Consecutive advanced multiline therapy failure in patients with non-small-cell lung cancer (NSCLC) with BM at the authors’ hospital were retrospectively reviewed. Eligible patients were divided into two groups: Apatinib+RT group and RT group. Intracranial progression-free survival (PFS) and overall survival (OS) were analysed using the Kaplan–Meier method.

Results:

The median intracranial PFS for the RT group and Apatinib+RT group was 5.83 months and 11.81 months (p = 0.034). The median OS for the RT group and Apatinib+RT group was 9.02 months and 13.62 months (p = 0.311). The Apatinib+RT group had a better intracranial PFS, but there were no significant differences between the two arms in OS. The Apatinib+RT group had significantly reduced symptoms caused by BM.

Conclusion:

RT combined with apatinib could help to control intracranial metastases. The Apatinib+RT group had significantly reduced symptoms caused by BM and improved quality of life for patients, the safety of the two treatments was similar.

Advances in knowledge:

Here, we propose that RT combined with apatinib can significantly relieve brain symptoms and tolerate side-effects without affecting OS in patients with BM following failure of multiline therapy for NSCLC. Of course, this paper is a retrospective origin study, and more powerful evidence is needed to demonstrate.

Objectives

Lung cancer is the leading cause of cancer-associated mortality worldwide, and in China, non-small-cell lung cancer (NSCLC) represents approximately 80–85% of all lung cancers. 1,2 Central nervous system (CNS) metastasis is a prevalent and serious complication, with negative effects on quality of life (QoL) and overall survival (OS). 3 More than 10% of NSCLC patients present with brain metastasis (BM) at their first visit to hospital, 4,5 and approximately 30–40% of patients with NSCLC develop BM during the course of their disease, with a poor prognosis and a median survival of 1–4 months, without any treatment. 6 There are many therapeutic methods for BMs, including surgery, chemotherapy, targeted therapy and radiotherapy.

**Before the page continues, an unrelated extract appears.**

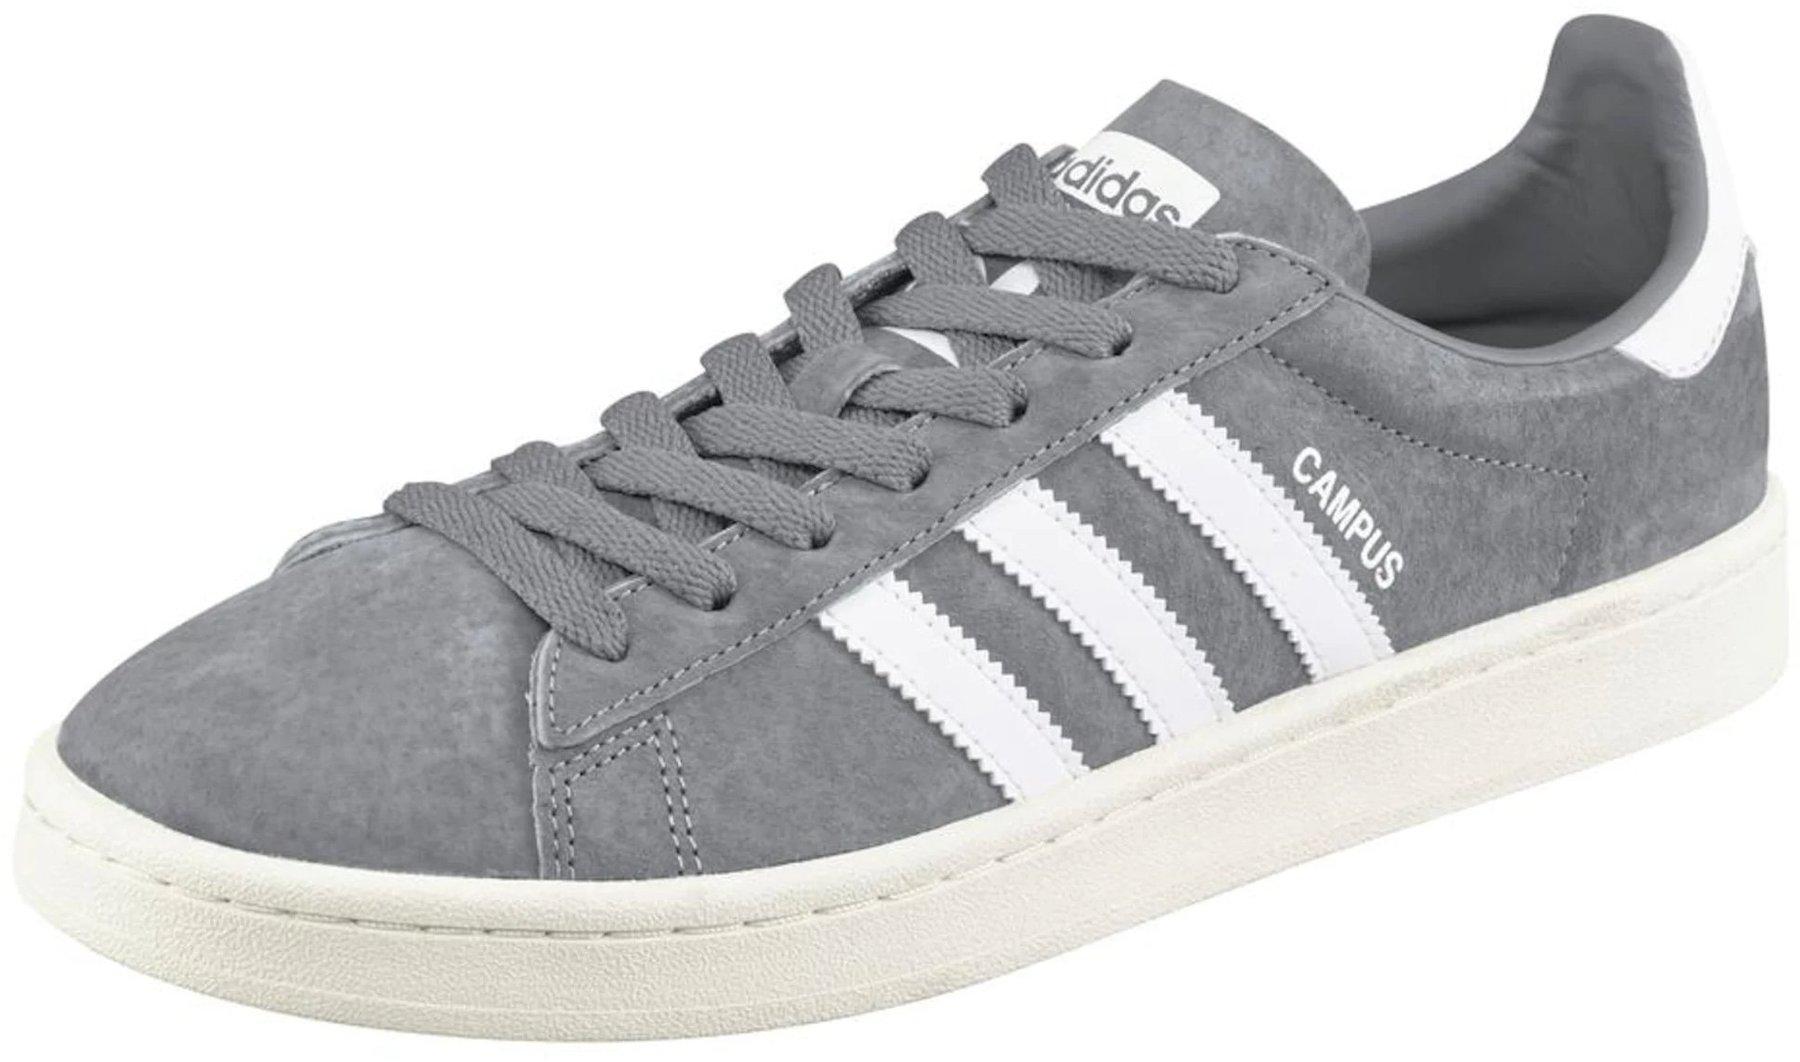 Adidas Campus grey threefootwear whitechalk white
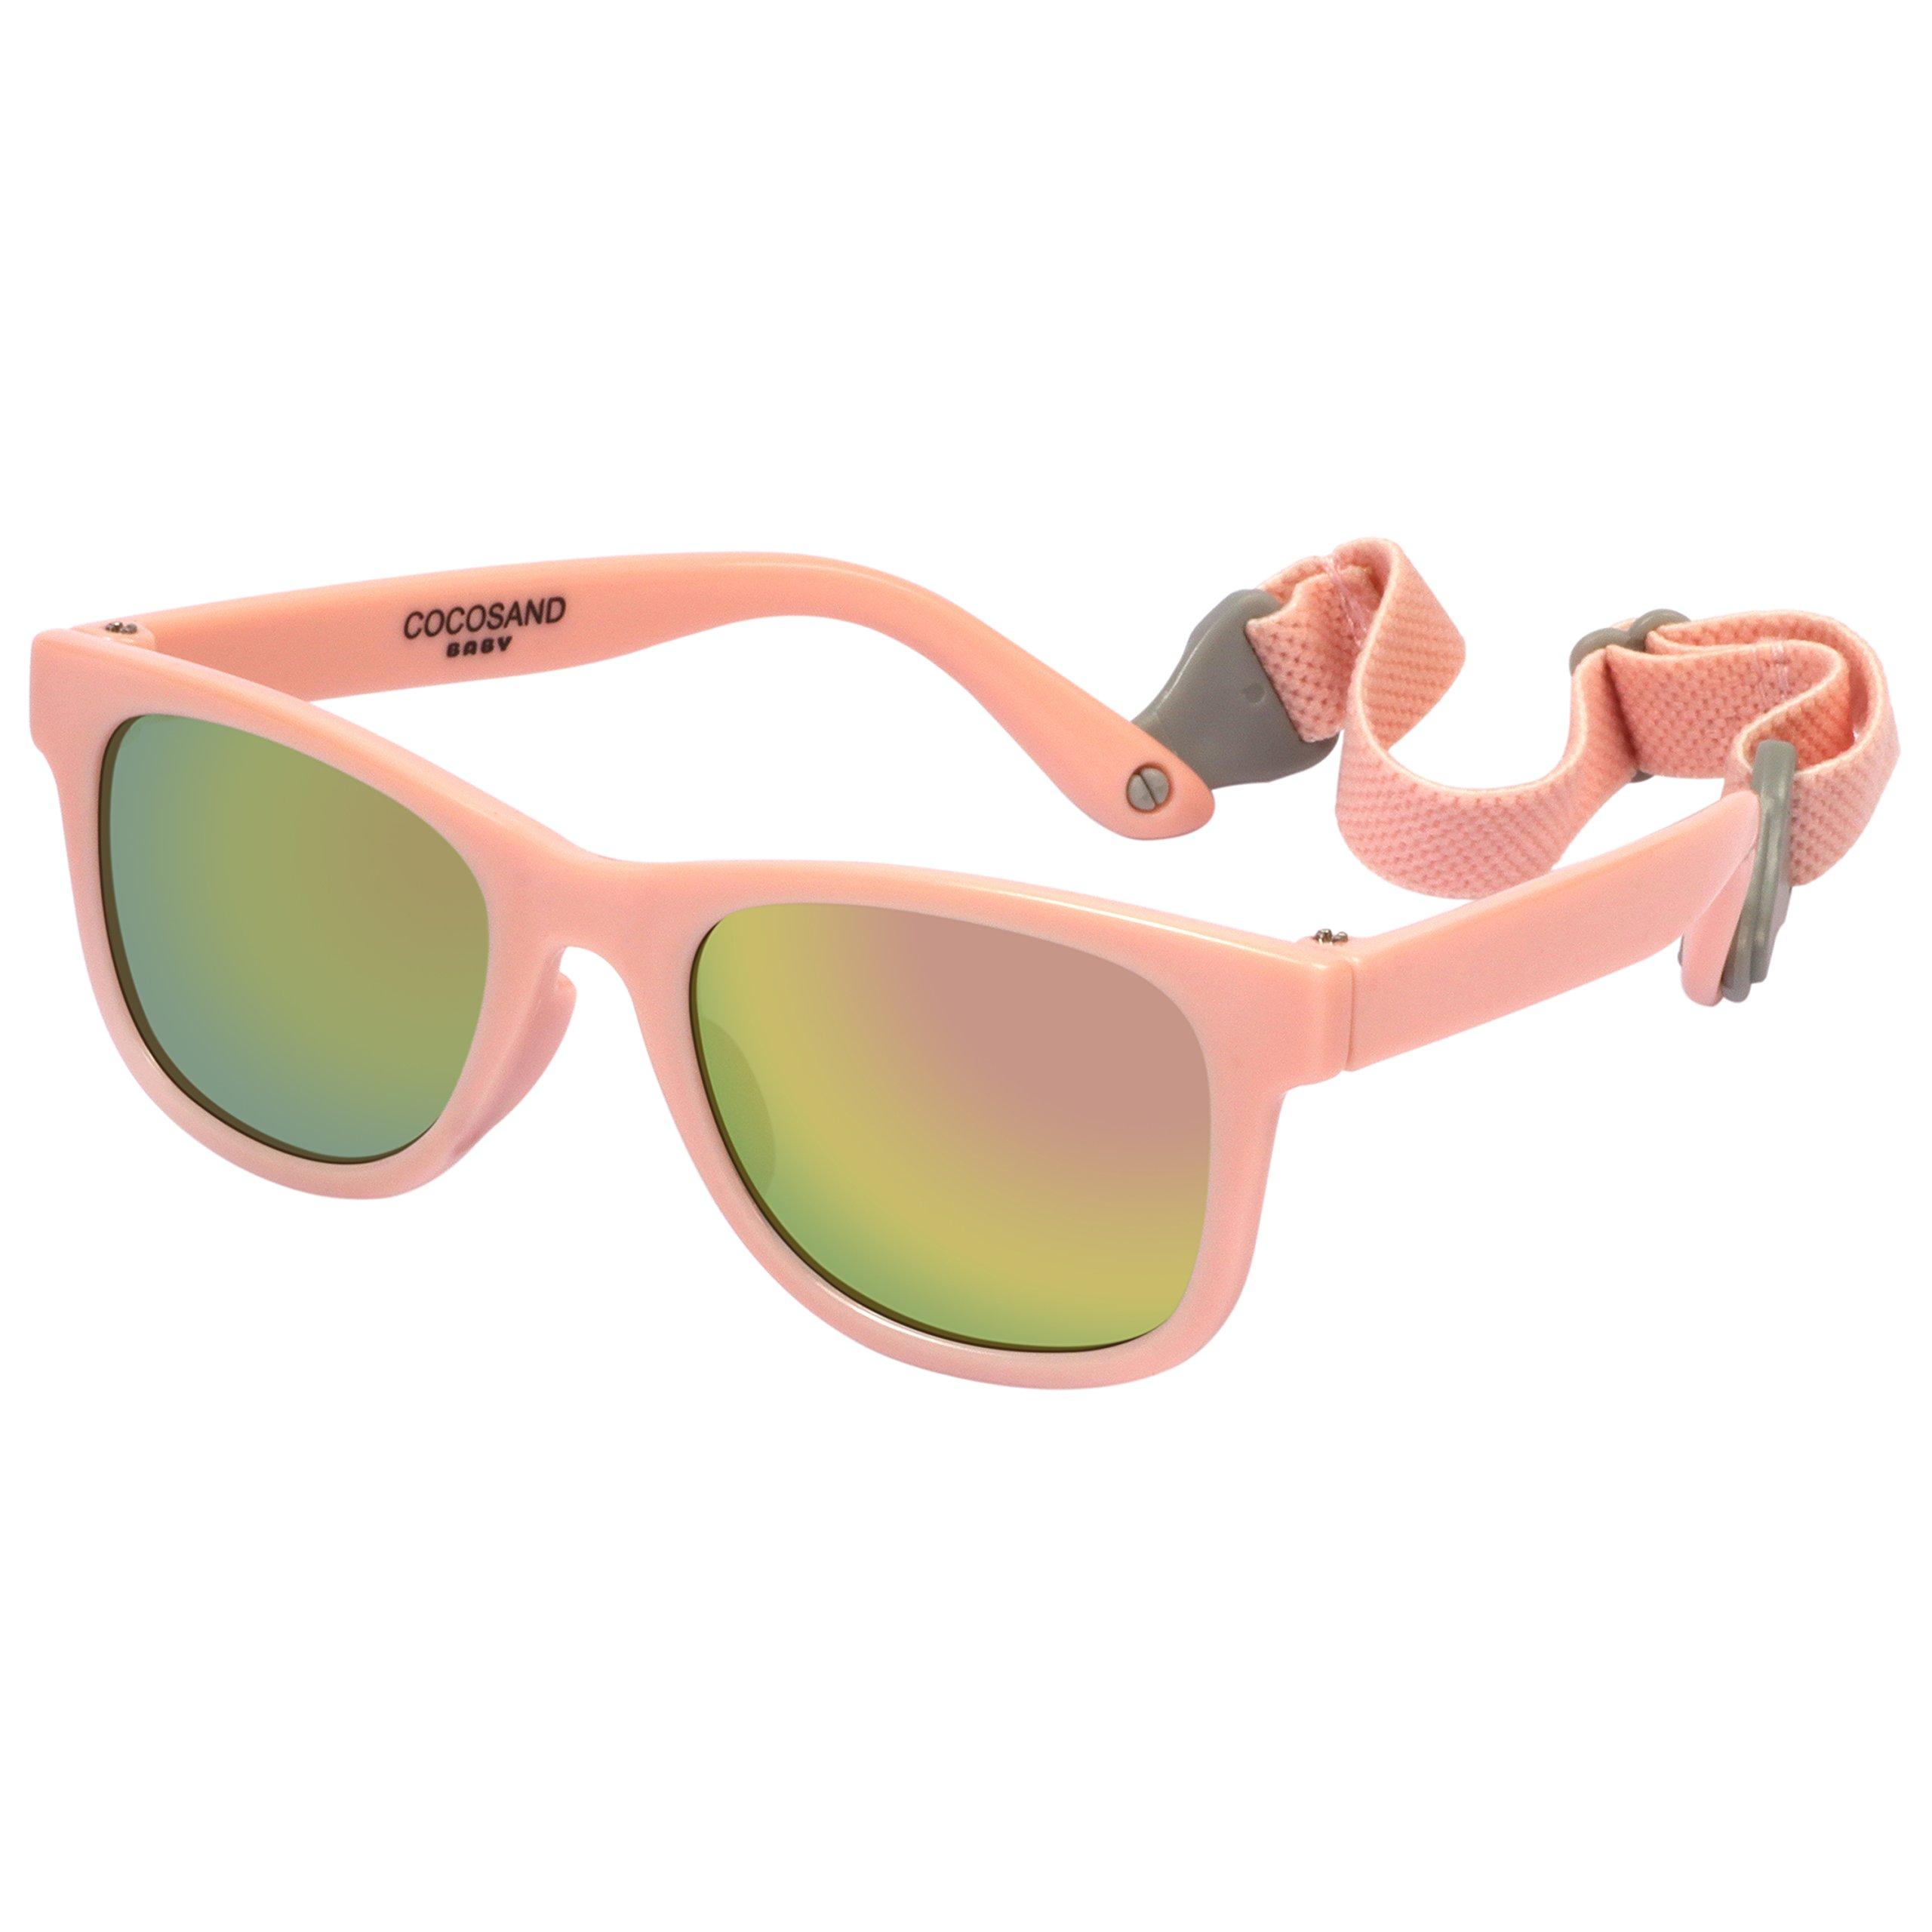 COCOSAND Navigator Toddler Sunglasses 0 24months

Chemotherapy alone has been shown to extend survival by only 2–3 months in patients for whom immune or targeted therapy is not available. 7 There have some studies shown that with targeted therapy or immunotherapy could prolong survival to approximately 3–8 months. However, some patients eventually develop drug resistance after a median of 8–13 months of disease control. 8 Surgical resection or radiosurgery (SRS) combined with adjuvant WBRT prolong survival to approximately 8–11 months. 9

At present, the most common treatment for BM is still radiation therapy (RT), including stereotactic radiosurgery (SRS) and whole-brain radiotherapy (WBRT). WBRT is the most common method for the treatment of BMs because it is suitable for most patients and can rapidly relieve cranial nerve symptoms, with an effective rate of 70%. 10 This may be because BMs are often accompanied by brain oedema, and radiotherapy usually aggravates the oedema of the normal brain tissue to some extent. 10 Local approaches, such as surgery and SRS, are indicated in solitary or oligometastatic disease. Several chemotherapy drugs in combination with WBRT fail to improve survival because of the impenetrability of the blood–brain barrier (BBB). 11 Along with chemotherapy, many targeted agents have been developed to improve the typically dismal outcome associated with NSCLC. Irrespective of the origin and the site of metastases, the growth and survival of tumour cells depend on the establishment of an adequate blood supply, 12 which is mainly supported by neo-angiogenesis. Angiogenesis is regulated by several pro- and anti-angiogenetic factors. Among pro-angiogenetic factors, vascular endothelial growth factor (VEGF) is the most extensively studied and stimulates angiogenesis primarily through activation of vascular endothelial growth factor receptor-2 (VEGFR-2), 13 and both are commonly expressed in NSCLC. 14 The primary goal for using anti-angiogenetic therapies is to block the development of malignant neovasculature, to reduce oxygen availability in the tumour and to decrease its growth. Apatinib is an oral tyrosine kinase inhibitors (TKIs) with anti-angiogenic properties, and it is currently approved for the treatment of advanced gastric cancer. In addition, many studies have demonstrated that apatinib is effective in the treatment of advanced NSCLC, 15 and some studies suggest that apatinib has some synergistic effects with RT. 16 However, the mechanism of action of apatinib combined with RT for better control of BM is not completely clear.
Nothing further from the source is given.